The first definitive proof we have of whiskey making comes from the fifteenth century in both Ireland and Scotland, although there are persistent yet still-unproven claims that production in this area dates further back in time. Whiskey is always aged in wooden containers, usually of white oak. In addition to Irish and Scotch whiskey, the United States and Canada are now large producers and consumers of whiskey. Whisky or whiskey (both spellings are used) is a distilled liquor made from cereal grains and could be called a distilled beer, whereas brandies such as cognac are made from grapes and could thus be labeled distilled wines. Cognac is named for the town of Cognac north of Bordeaux, France, one of three officially demarcated brandy regions in Europe; the others are the towns of Armagnac in France and Jerez in Spain.
 
A constant theme in the discussion of brandy was fire, because beverages are “burnt” or distilled over the flame of a still, because distilled alcohol is capable of combustion, and because of the “burning” sensation experienced by those who drink it.

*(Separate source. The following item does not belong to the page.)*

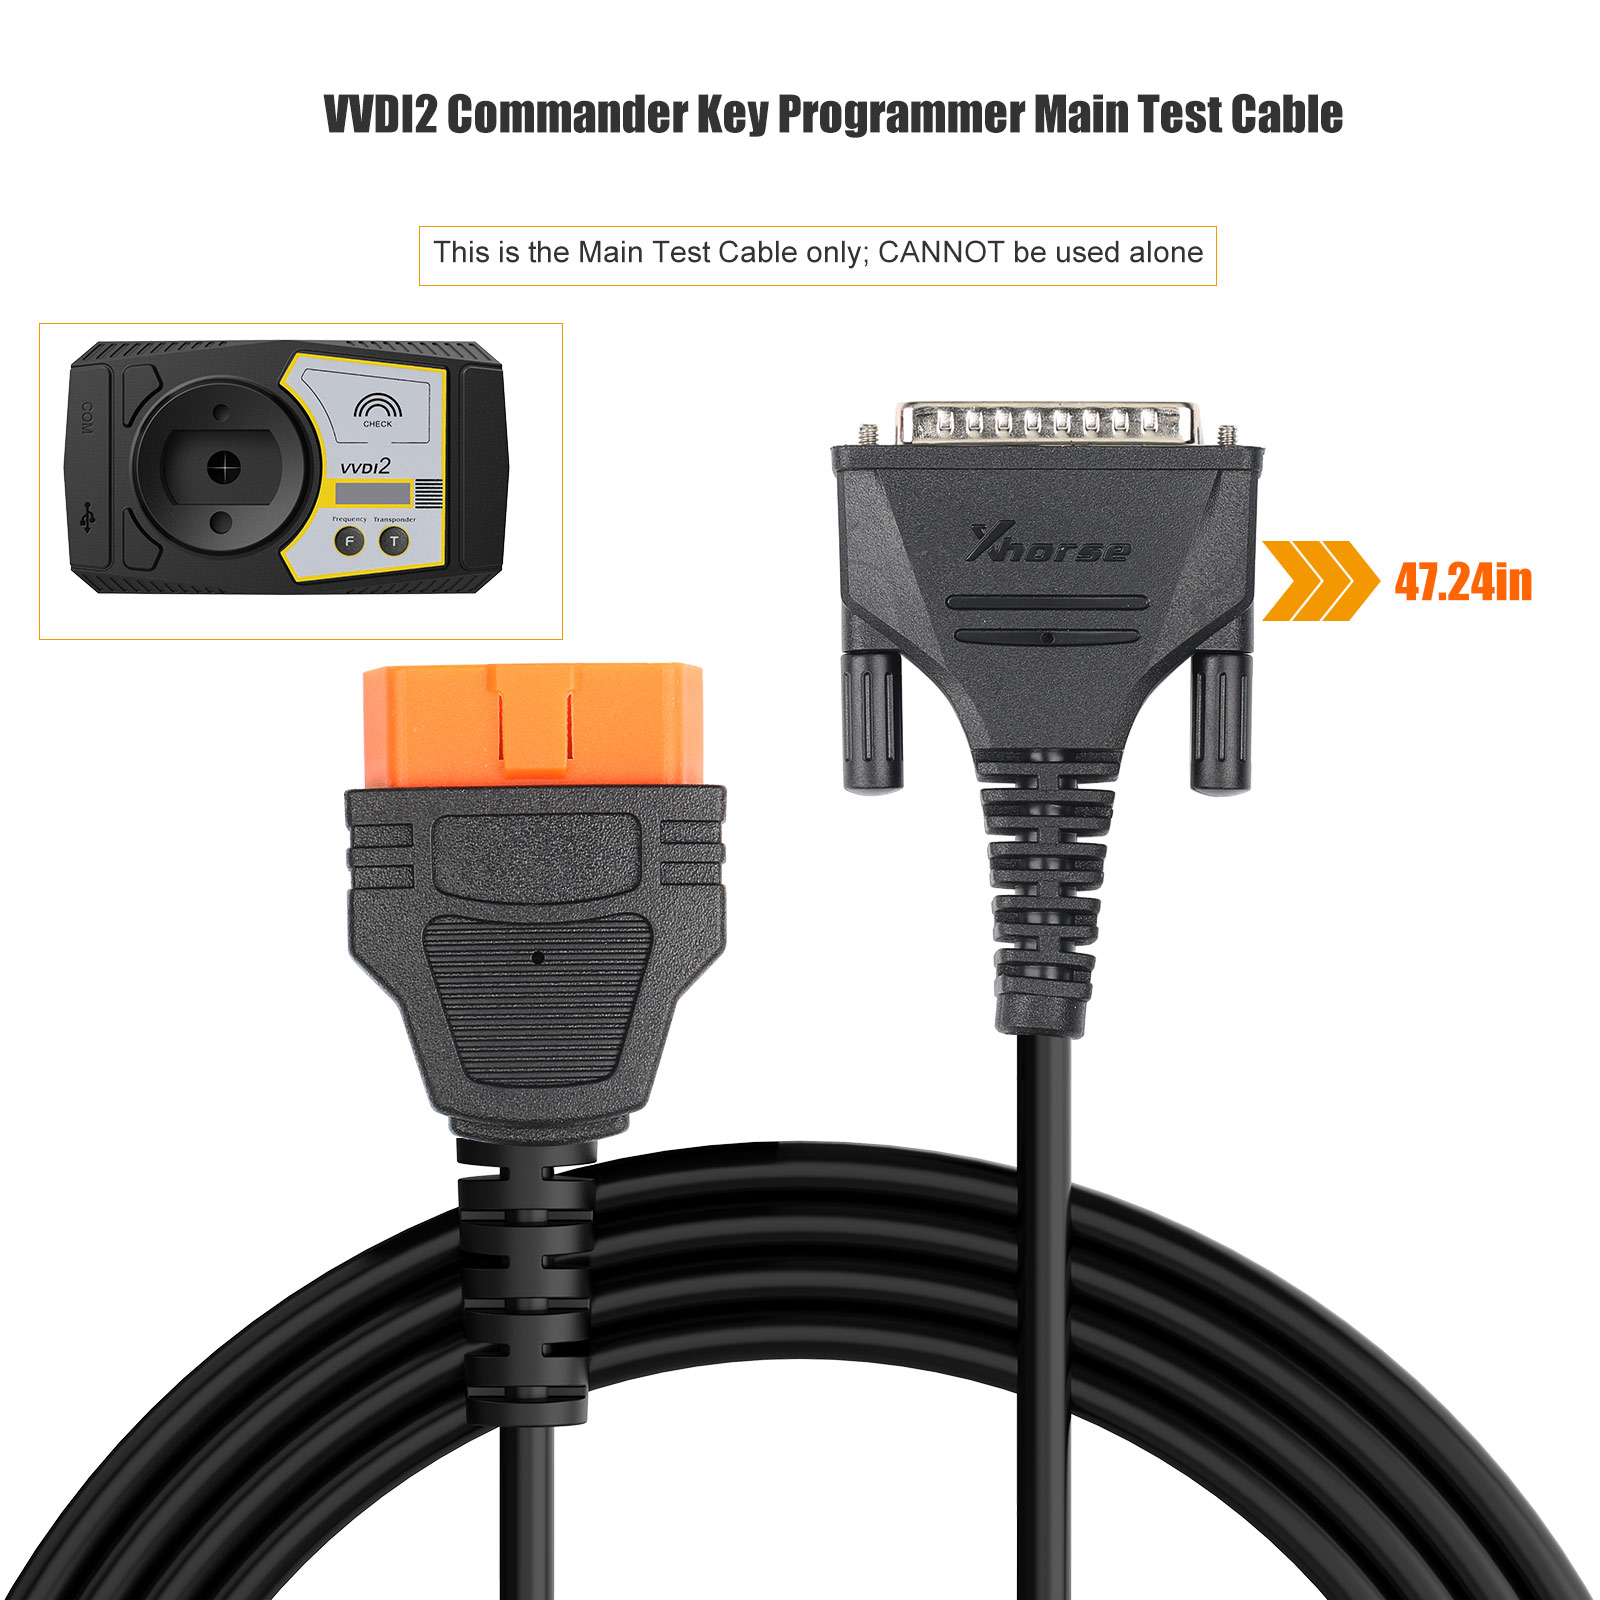 главный тестовый кабель Xhorse VVDI2, используемый командором VVDI 2

Comer again: “First called 'brandy wine' (from the Dutch brandewijn), brandy means 'to burn' or 'burnt' in Dutch as well as in other languages, such as the German Brand and the Middle English 'brand.' Brandy is more expensive to make than grain spirits because it must be distilled from fruit and, in the case of cognac, from wine (Ray 1974). As noted, brandy first emerged as medicine in the eleventh century and only later became popular as a beverage.”
 
According to James Comer, in the sixteenth century the prominent Swiss alchemist and physician Paracelsus “had employed the Arabic term alcool vini to describe spirits. But it was not until 1730, when the Dutch physician Herman Boerhaave used the word alcohol to mean distilled spirits, that it became commonly understood that ale, wine and distilled beverages all owed their mood-altering capabilities to this chemical.”